Further results indicated a significant increase in SOD and CAT accumulation under water stress conditions (Figs. 6A –6D). The highest accumulation of SOD was observed during the water stress at the pre-anthesis stage (pre-anth) while for CAT, the highest activity was recorded during water stress at pre-anthesis and post-anthesis, respectively (Figs. 6A –6D). Concerning the performance of maize hybrids regarding the activity of antioxidants, the highest SOD and CAT accumulation was observed in YH-5395 (61.5 U mg⁻¹ pro, 60.5 U mg⁻¹ pro) and YH-5427 (8.6 U mg⁻¹ pro, 8.6 U mg⁻¹ pro). The correlation analysis unveiled a strong positive correlation of kernel yield with SOD and CAT under water stress at pre-anthesis (r = 0.92**, r = 0.27^ns), during anthesis (r = 0.90**, r = 0.92**) and post-anthesis (r = 0.96**, r = 0.70**) stages, respectively (Figs. 3A–3D).

Kernel quality traits

Analysis of variance revealed significant variations among maize genotypes for kernel quality traits across the treatments (Table 1). The results unveiled the significantly damaging effects of water stress (WS) on kernel quality traits at different maize development stages (Figs. 7A–7D). A significant reduction in kernel protein content percentage was observed in maize hybrids, especially NK-8441, where protein % decreased from 14.0% (Control) to 11.7% (WS at post-anthesis) (Figs. 7A–7D).

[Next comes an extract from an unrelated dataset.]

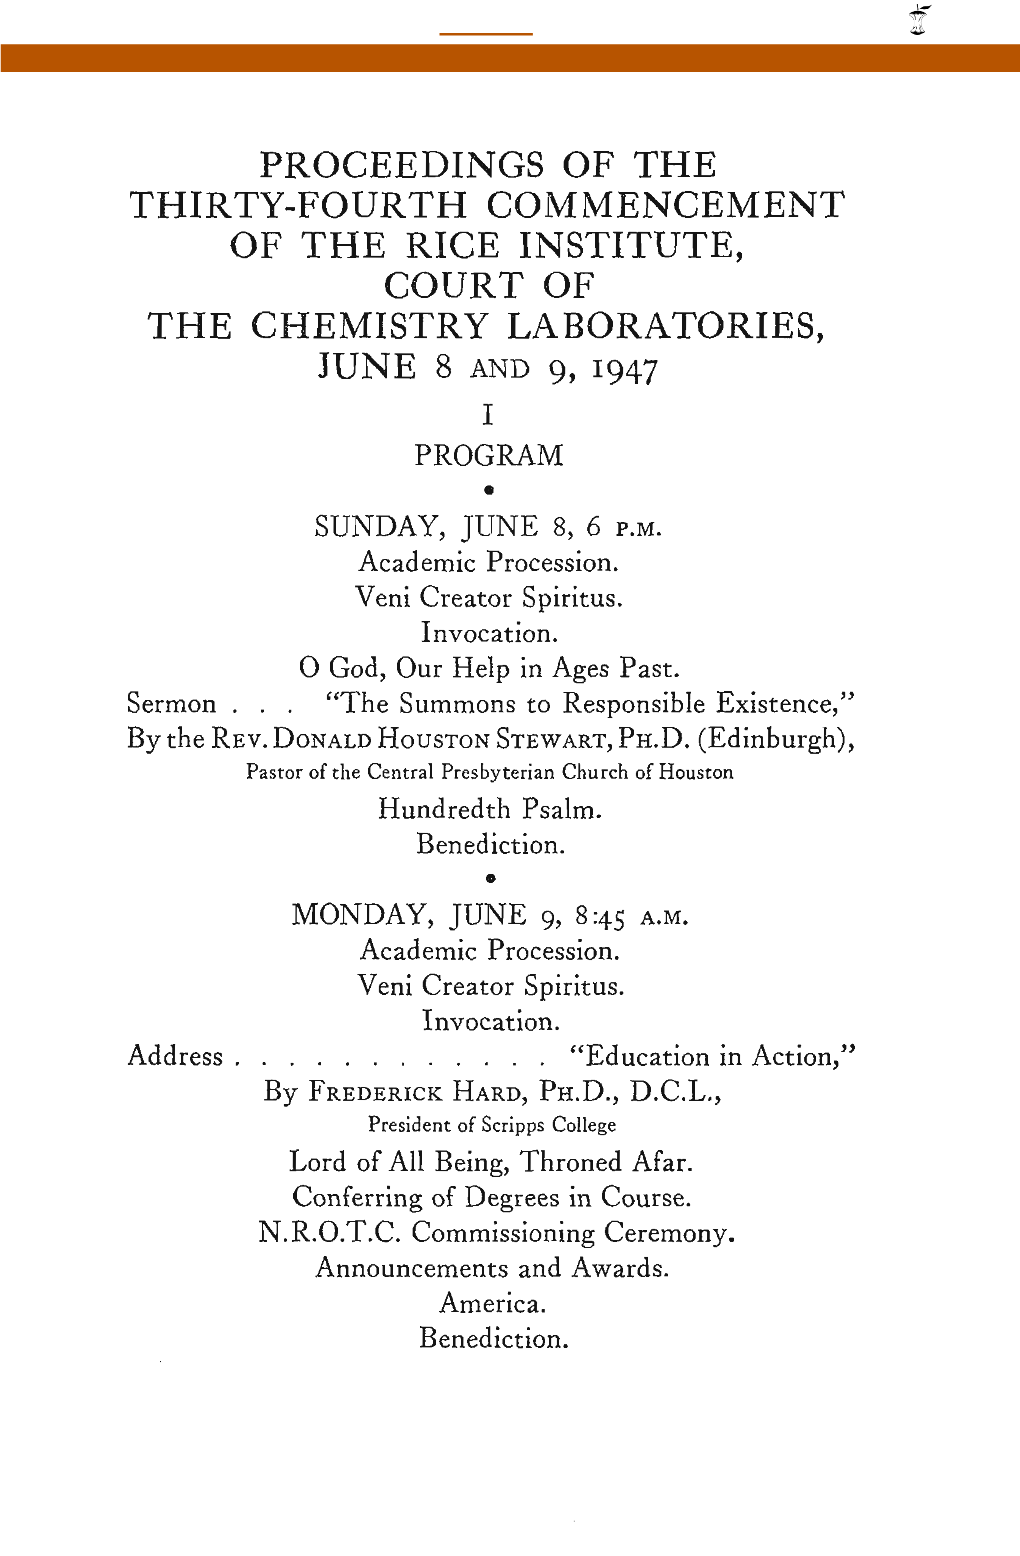 PROCEEDINGS of the THIRTY-FOURTH COMMENCEMENT of the RICE INSTITUTE, COURT of the CHEMISTRY LABORATORIES, JUNE 8 and 9, 1947 I PROGRAM a SUNDAY, JUNE 8, 6 P.M

Among the crop development stages, water stress at the post-anthesis stage proved lethal for kernel protein content percentage. Similarly, kernel oil contents percentage was also highly affected by the water stress conditions at different stages (Figs. 7A–7D). The maximum oil % was observed in NK-8441 (5.4% at the control) while YH-5395 gave the minimum oil % (3.9%). The maximum decline in oil % was reported in YH-5482 and YH-5395 (25%) (Figs. 7A–7D). The impact of water stress at different plant stages for oil % was random. Water stress also affects the kernel starch content percentage which is another very important maize kernel quality parameter. The highest starch % was observed in exotic, multinational hybrid NK-8441 (53.3%) at control while the lowest in the JPL-1908 (44.7%) during water stress at the pre-anthesis stage (Figs. 7A–7D). The maximum reduction in starch percentage (10.8%) was observed in maize hybrid YH-5427, from 49.9% in control to 45.0% at pre-anthesis water stress (Figs. 7A–7D). The highest impact of water stress was recorded in the pre-anthesis stage, where reduction in starch percentage ranged from 3% to 10.8%.